【Introduction to Greenplum】

Pivotal Greenplum is a commercial fully featured data warehouse powered by the open source Greenplum Database. It provides powerful and rapid analytics on petabyte scale data volumes. Uniquely geared toward big data analytics, Greenplum is powered by the world’s most advanced cost-based query optimizer delivering high analytical query performance on large data volumes.

Greenplum was previously a California-based company providing solutions and consulting services for new Enterprise Data Warehouse (EDW), Enterprise Data Cloud (EDC) and Business Intelligence (BI) for large enterprise users around the world. Greenplum is currently owned by Pivotal.

 

Greenplum DB claims to be the world's first open source massively parallel data warehouse, originally based on PostgreSQL, and has now added numerous database innovations. Greenplum provides powerful and fast analysis capabilities of PD-level data volume, especially the analysis capabilities for big data, and supports ultra-high-performance analysis and query of big data.

 

 

Greenplum Database is also referred to as GPDB. It has rich features:

First, complete standard support: GPDB fully supports ANSI SQL 2008 standard and SQL OLAP 2003 extension; in terms of application programming interface, it supports ODBC and JDBC. Perfect standard support makes system development, maintenance and management very convenient. However, the current NoSQL, NewSQL and Hadoop support for SQL is not perfect, different systems need to be developed and managed separately, and the portability is not good.

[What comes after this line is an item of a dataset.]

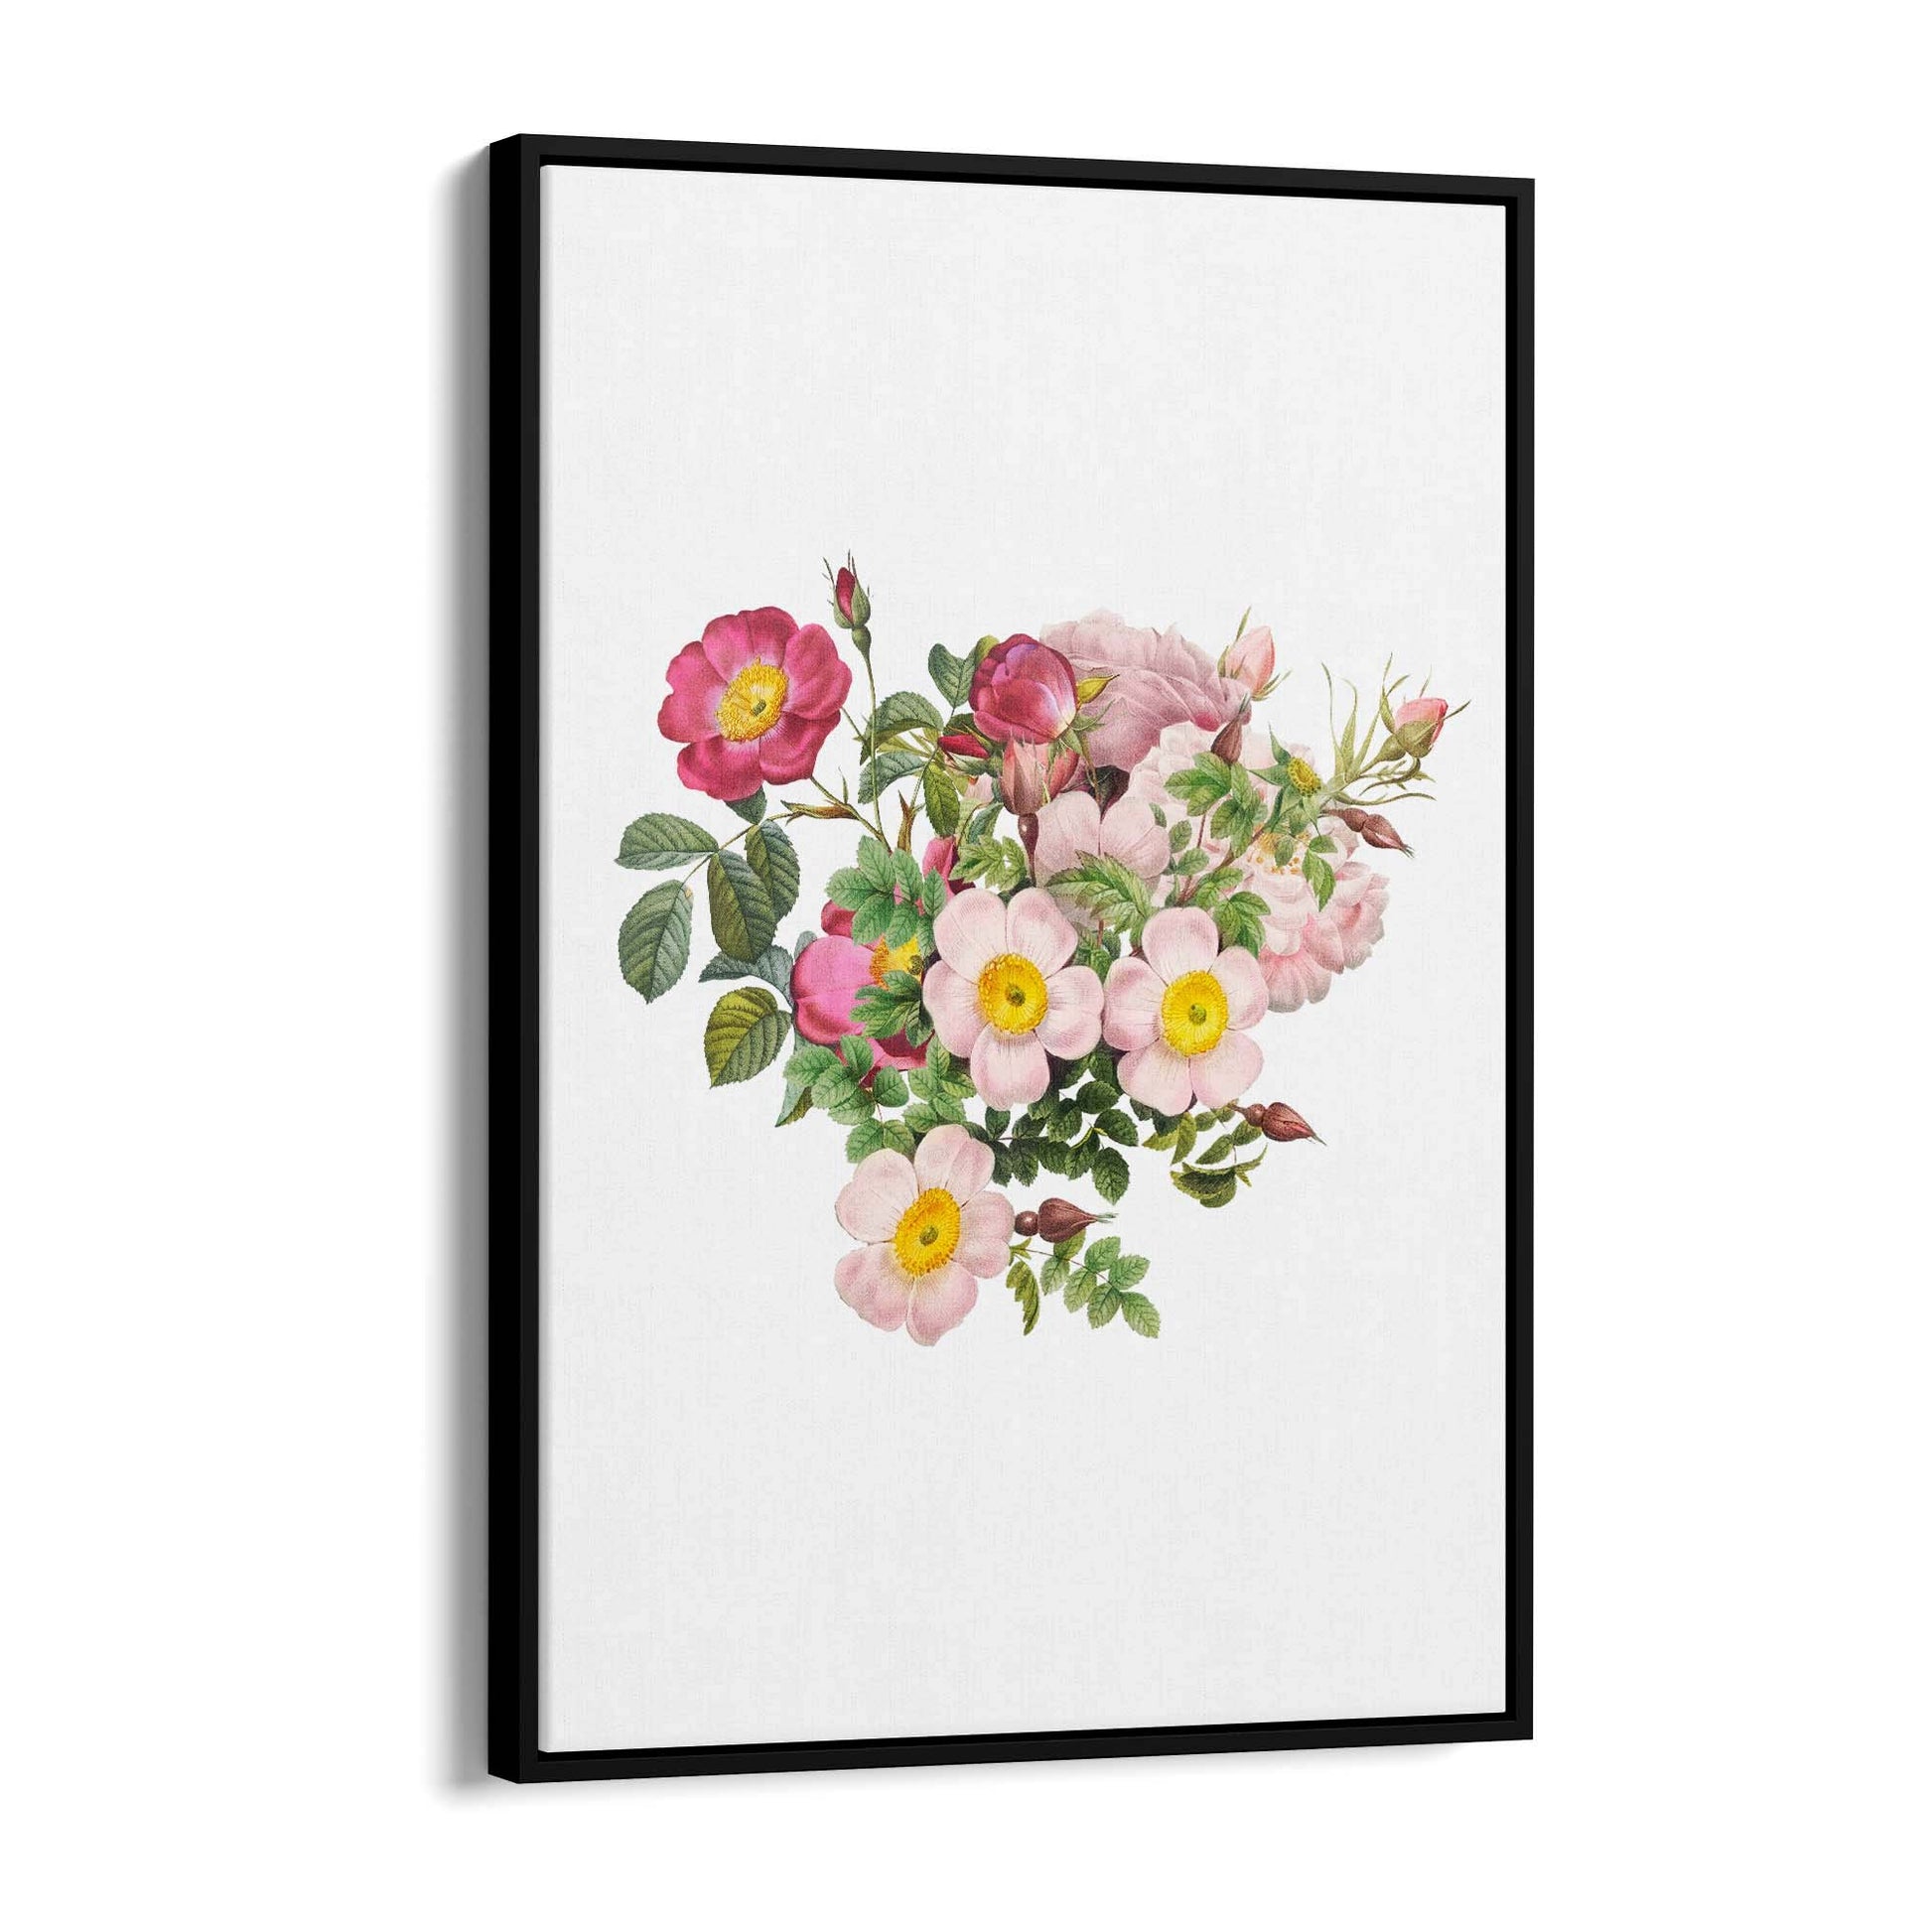 Botanical Flower Painting Floral Kitchen Wall Art #4 - The Affordable Art Company

Second, it supports distributed transactions and ACID. Ensure strong data consistency.

Third, as a distributed database, it has good linear scalability. In the production environment of domestic and foreign users, there are many cases of GPDB clusters with hundreds of physical nodes.

Fourth, GPDB is an enterprise-level database product, and there are thousands of clusters running in the production environments of different customers around the world. These clusters provide services for the key businesses of many large financial, government, logistics, retail and other companies around the world.

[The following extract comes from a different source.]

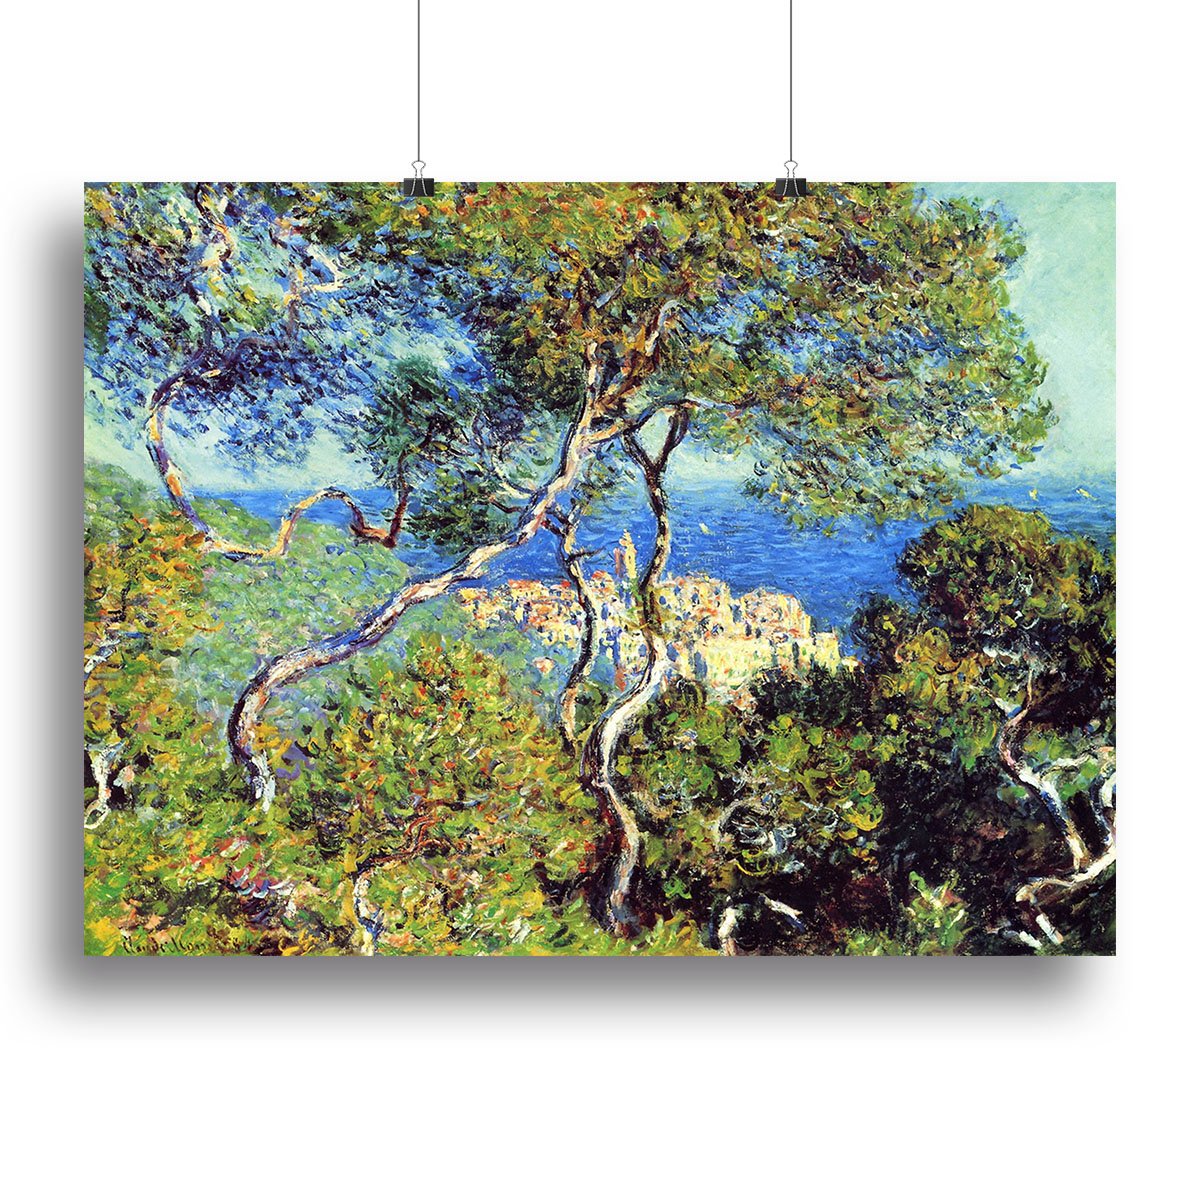 Bordighera by Monet Canvas Print or Poster

Fifth, GPDB is the result of more than a decade of R&D investment by Greenplum (now Pivotal). GPDB is based on PostgreSQL 8.2, which had about 800,000 lines of source code, and GPDB now has 1.3 million lines of source code. Compared to PostgreSQL 8.2, about 500,000 lines of source code have been added.

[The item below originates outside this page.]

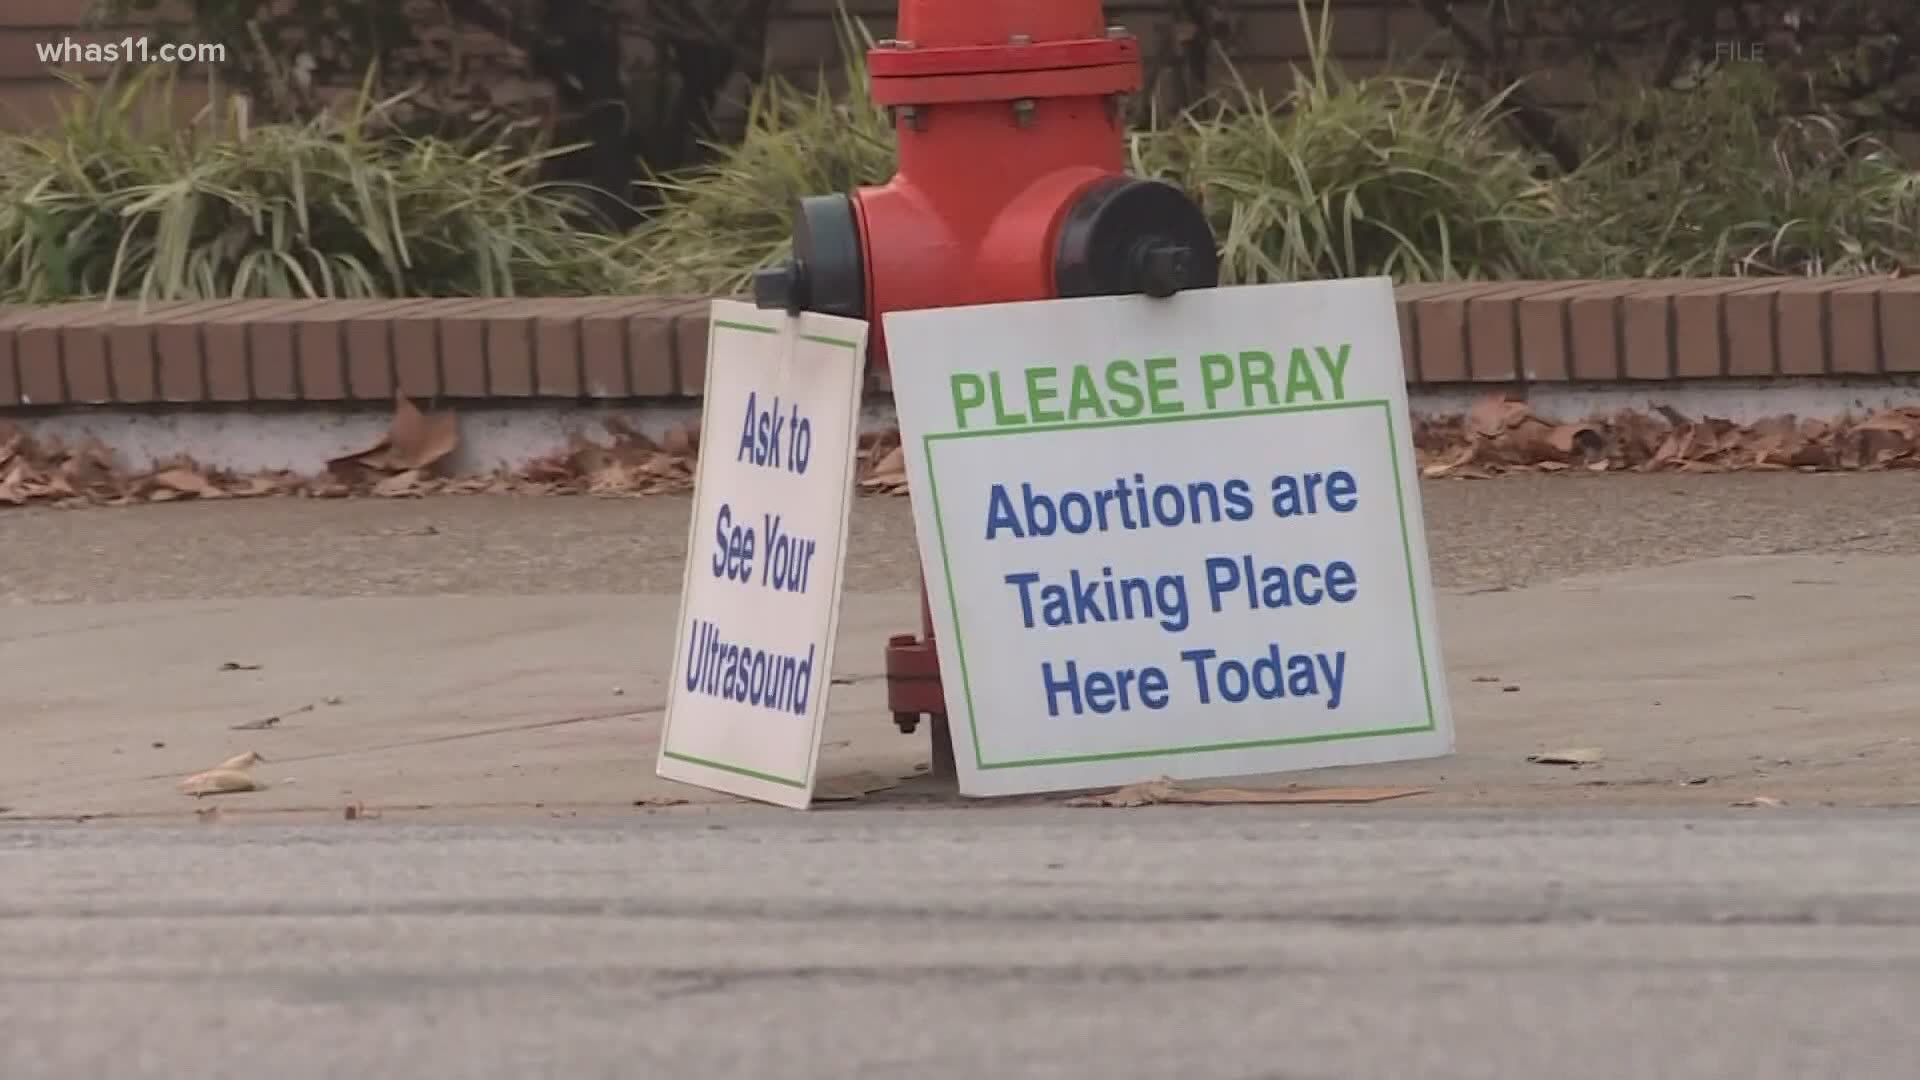 Sisters for Life and Kentucky Right to Life have filed a lawsuit, arguing the ordinance prevents them from handing out resources to women at the abortion clinic.

Sixth, Greenplum has many partners, and GPDB has a complete ecosystem, which can be integrated with many enterprise-level products, such as SAS, Cognos, Informatic, Tableau, etc.; it can also be integrated with many open source software, such as Pentaho, Talend, etc.

 

GreenPlum main features:

Massively Parallel Processing Architecture

High-performance loading, using MPP technology to provide petabyte-level data loading performance

Big Data Workflow Query Optimization

Polymorphic data storage and execution

Advanced machine learning capabilities based on Apache MADLib

 

 

 

 

The database consists of Master Severs and Segment Severs interconnected by Interconnect.

The master host is responsible for: establishing and managing the connection with the client; parsing SQL and forming an execution plan; distributing the execution plan to the segment and collecting the execution result of the segment; the master does not store business data, but only stores the data dictionary.  

The segment host is responsible for: the storage and access of business data; the execution of user query SQL. 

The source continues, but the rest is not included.